Data for this exercise:
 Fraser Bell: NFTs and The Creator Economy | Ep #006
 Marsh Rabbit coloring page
==
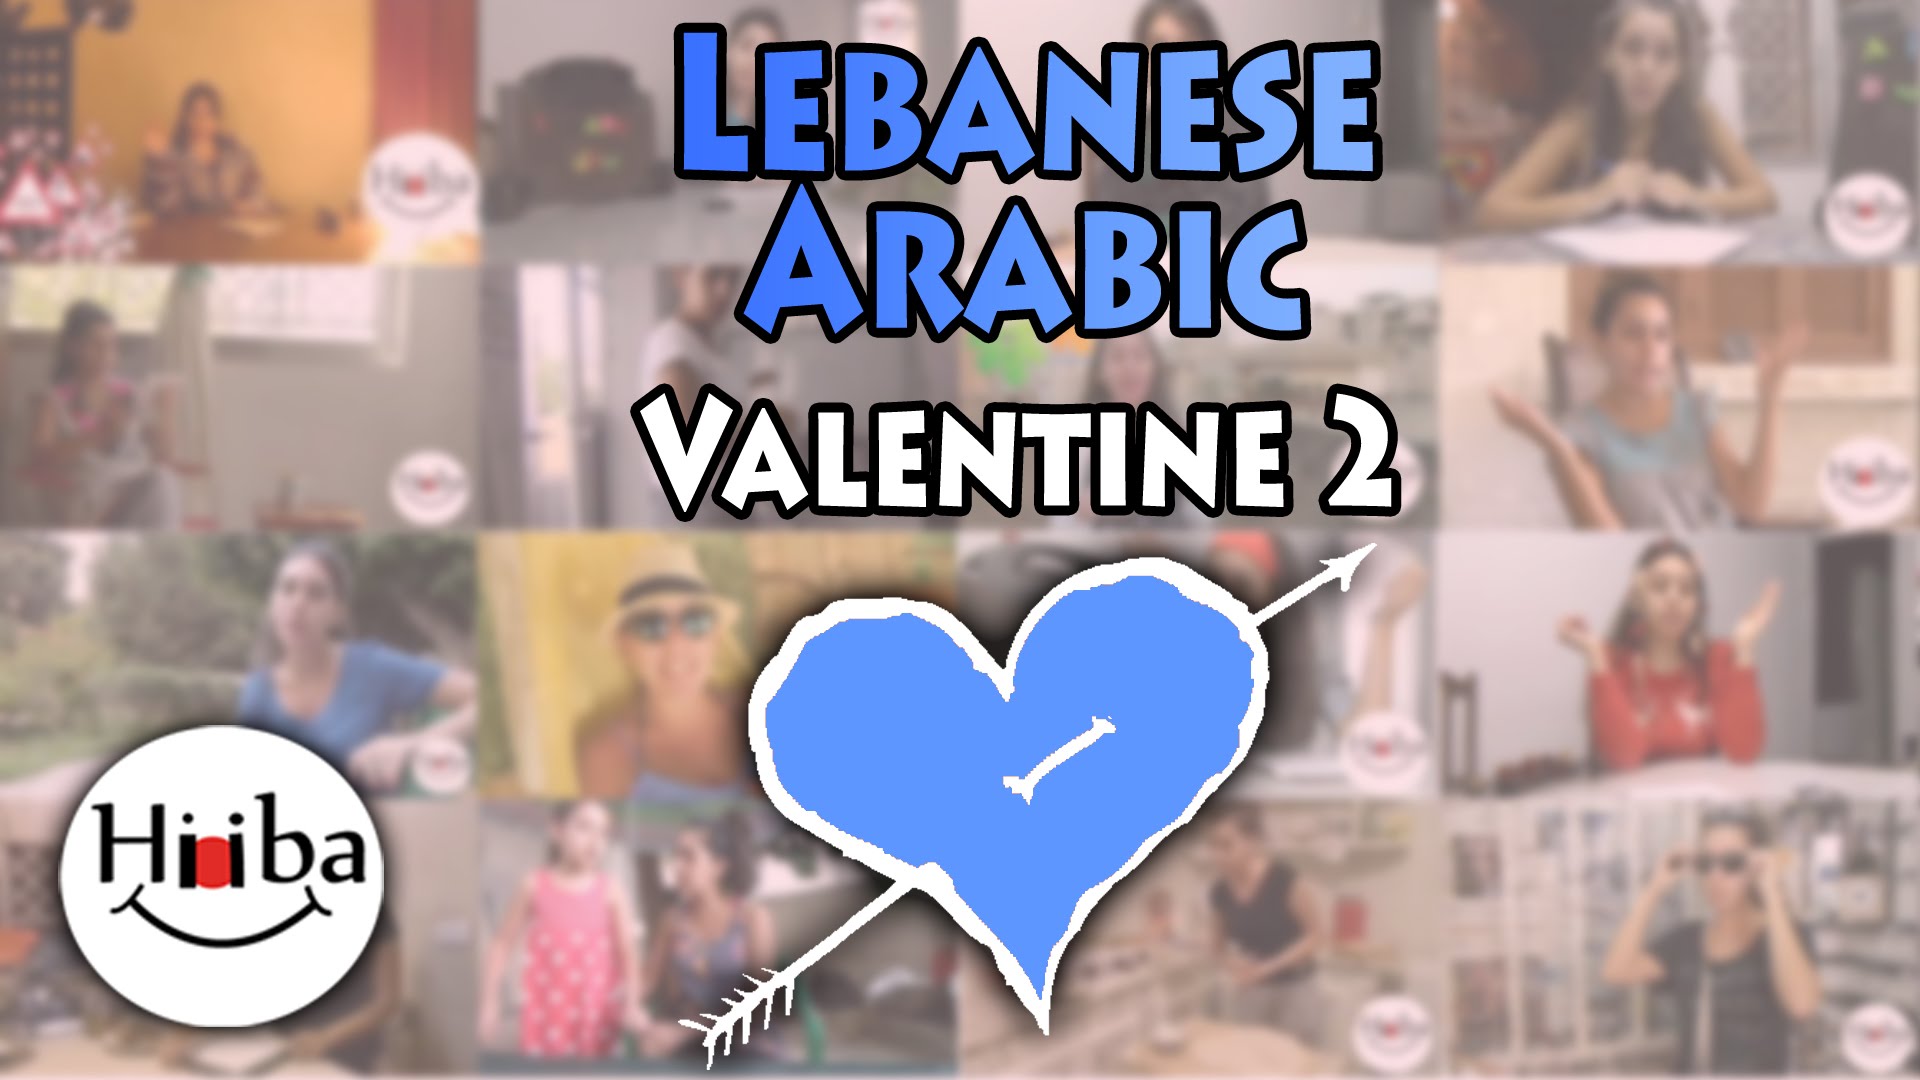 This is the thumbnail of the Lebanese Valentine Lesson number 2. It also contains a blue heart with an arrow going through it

Requirement:
Reproduce exactly, and only, the part of the listing above that begins at the line with "Fraser Bell: NFTs" and goes on through the line with "Marsh Rabbit coloring page".

Answer to this task:
 Fraser Bell: NFTs and The Creator Economy | Ep #006
 Marsh Rabbit coloring page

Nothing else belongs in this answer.